209 F. 102 | D. Mont. | 1913
A national bank, of which plaintiff owns 90 per cent, of the stock, was closed by the Comptroller of the Currency, who appointed defendant receiver thereof. A second successor of defendant is yet administering the bank’s affairs. This action was commenced in a state court, appealed to the state Supreme Court, by it remanded, and it was then removed hither. See 131 Pac. 1071.
Defendant moves to dismiss, for that the facts alleged are insufficient to constitute a cause of action in equity, in that no demand is alleged upon the bank, the Comptroller, and the present receiver. Plaintiff contends that by reason of owning 90 per cent, of the bank’s stock and the assessment thereon he is directly injured by defendant’s conduct, has an individual right of action therefor, and that in any event the demand alleged is sufficient. The court is of the opinion that the motion to dismiss should be granted. The property involved was the bank’s. The alleged wrong by defendant was against the bank. The cause of action therefrom arising is the bank’s. The recovery thereon will be the bank’s.
Every trespass upon corporate property is a direct injury to the corporation and merely an incidental injury to stockholders. The right of action to which it gives rise is the corporation’s. For their incidental injury stockholders have no right of action. Their only redress is the incidental benefit they may receive from the corporation’s exercise of its right of action. Though plaintiff in this case owns nearly all the stock of the association, legal relations are not changed thereby, and the rule is the same. His equitable interest in the property involved is greater in quantity, but the same in quality, as that of the owner of a single share. If the assessment levied upon his stock is wholly due to the trespass, it is but part of his incidental injury. He has no individual cause of action. It is apparent the complaint is on the theory of a stockholder’s suit in the right of the corporation. A prerequisite to a stockholder’s suit in equity to redress corporate wrongs is a demand upon those then in control, management, and administration of 'the corporate affairs to bring suit, and their unreasonable refusal. This demand takes the form of earnest and hopest efforts in good faith to secure action by those aforesaid whose duty is action. The stockholder must exhaust all means within reach to that end.

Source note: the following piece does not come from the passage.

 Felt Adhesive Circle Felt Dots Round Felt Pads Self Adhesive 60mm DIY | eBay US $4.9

If the corporation is in the hands of a receiver appointed by a court, the demand must be made upon the receiver; and it has been held that, failing there, the court should be requested to compel him to bring an action. Swope v. Villard (C. C.) 61 Fed. 419. The same end is generally attained, however, by the stockholder petitioning the court for leave to sue upon the corporation’s cause of action and in its behalf, making the receiver a party defendant; the court having discretion to grant, or to refuse, and to direct the receiver to bring the action.

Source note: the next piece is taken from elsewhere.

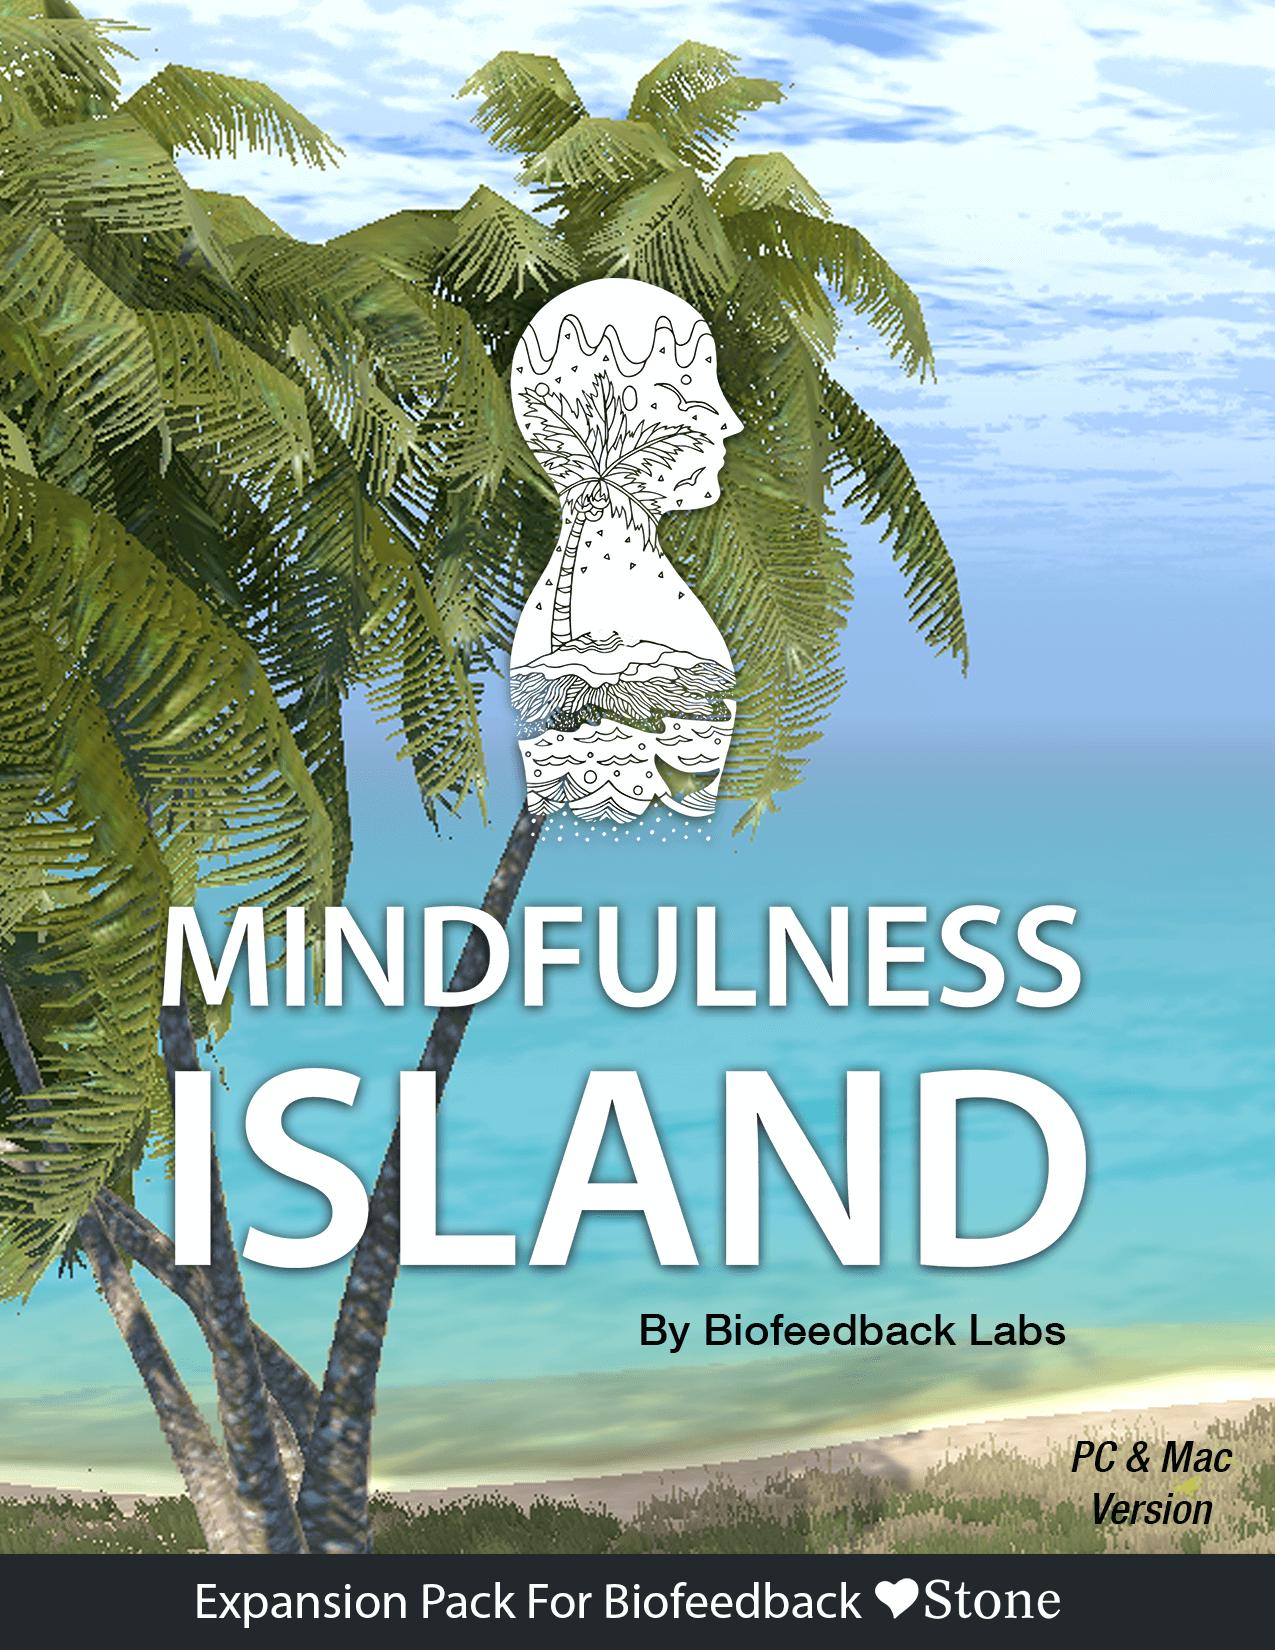 Mindfulness Island - Biofeedback Games

In the matter of a national banking association in charge of the Comptroller for liquidation, it is believed that, before a stockholder’s sui-t can be maintained, demand as aforesaid must have been made upon the receiver, the Comptroller, and the association in turn. Ex parte Chetwood, 165 U. S. 456, 17 Sup. Ct. 385, 41 L. Ed. 782,'seems to indicate that such demand is necessary. Then and then only all means within the stockholder’s reach to procure action by those having capacity to sue or to compel suit have been exhausted. The Comptroller is in the management and administration of the bank’s affairs, mainly through his receiver, his instrument, whom he appoints, directs, and controls.
In the'instant case there appears no reason why the complainant, owning 90 per cent, of the association’s stock and so controlling the association, could not, if necessary, have procured it to bring, the action. And the action would have proceeded at law, before a jury, more appropriate than this suit in equity.
The damages should be determined by the verdict of a jury. The necessary demand- not having been made, plaintiff cannot -maintain the suit, and the motion to dismiss is granted.